TV Jones  is a U.S. guitar pickup manufacturer in Poulsbo, Washington. Best known for manufacturing vintage-style Filter' Tron pickups, TV Jones pickups attempt to recreate the sound of vintage Gretsch guitars by using American-made materials and a manufacturing process similar to what was used in the late 1950s and 1960s by Gretsch. The company was founded in 1993 by guitarist and luthier Thomas V. Jones in Whittier, California.

History
Prior to the focus on guitar pickups, TV Jones was mainly in the business of guitar repairs and custom guitar making. Jones had a long list of famous clients, from working several years at a repair shop in Long Beach, California called the World of Strings. Clients included Brian Setzer, Michael Anthony and others. After his stint at World of Strings, Jones opened his own shop and launched the TV Jones Company, where he continued to attract star clients like Joe Walsh and John Fogerty simply through word of mouth.

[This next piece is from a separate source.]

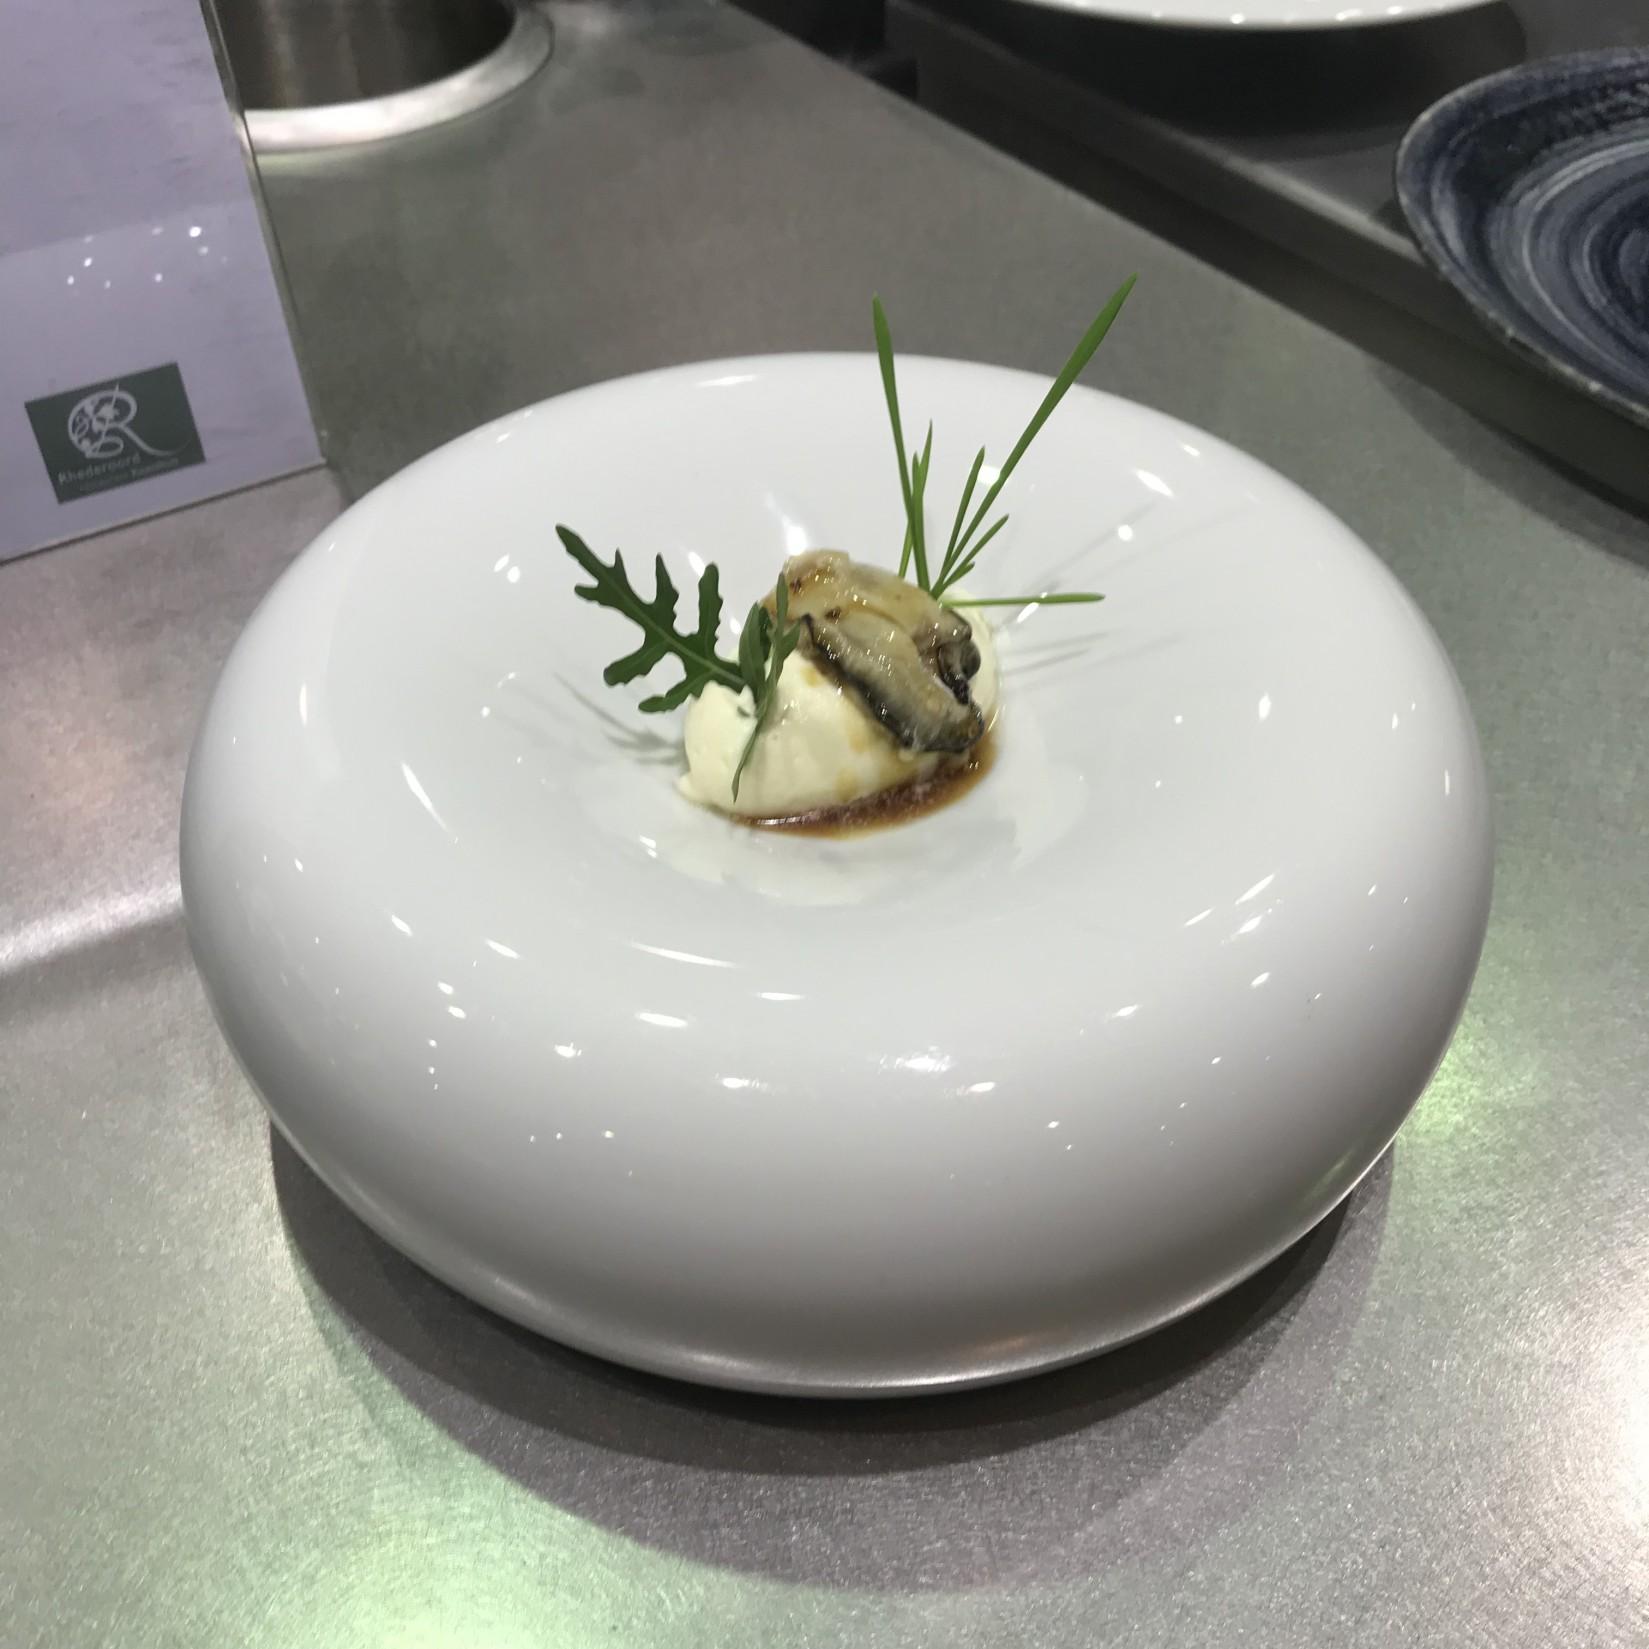 Aardappelmousse met oesters

In the early 1990s, interest turned to electronics and Jones began to examine pickups and the magnets used in various vintage models. Around this time he was asked to repair a number of guitars for Stray Cats / BSO guitarist Brian Setzer, whose guitar sound relied heavily on vintage Gretsch guitars. When the Gretsch Guitar Company was in the process of creating a Brian Setzer signature model, Brian conducted a “blind sound test” of various pickup models that were to be considered for use in these guitars. Tom's Hotrod pickup design was chosen because of its sound being the most faithful to the original. (At this point, the pickups Gretsch was using in their guitars were made of overseas parts and ceramic magnets).

Notoriety
Word soon spread that TV Jones was making “true-to-the-original” Filter'Tron pickups and many famous players demanded their guitars be outfitted with TV Jones pickups. The guitarists (especially Gretsch aficionados) became aware of TV Jones pickups and its popularity grew as the company expanded its product line into the Magnetron, Power'Tron, Super’Tron and Thunder’Tron models. As of 2010, TV Jones offers eight different pickup models around the world.

Users
Jim Heath (TV Classics)
Brian Setzer (TV Classics)
Billy F. Gibbons (Power 'Tron Plus)
Billy Duffy - The Cult (TV Classic Plus)
G. Love & Special Sauce (Power 'Tron)
John Mayer (TV Classics in Fender La Cabronita Telecaster)
Chris Cheney (TV Classic Plus, Power 'Tron)
Johan Frandsen (TV Classics/TV Classic Plus/Power Tron)
Noel Gallagher (TV Classics)
David Gilmour (TV Classics)
Sean Christopher - Villains Of Yesterday (TV Power 'Tron Plus)

Guitar Models
In 2008 TV Jones released the Spectra Sonic Supreme Guitar (which is an upgrade to the Spectra Sonic designed by TV Jones and manufactured & distributed by Gretsch in 2001–2007) and the smaller, lighter, solid-body Model 10. Both are designed by TV Jones and manufactured in Japan at the Terada factory where the most professional line Gretsch guitars are made.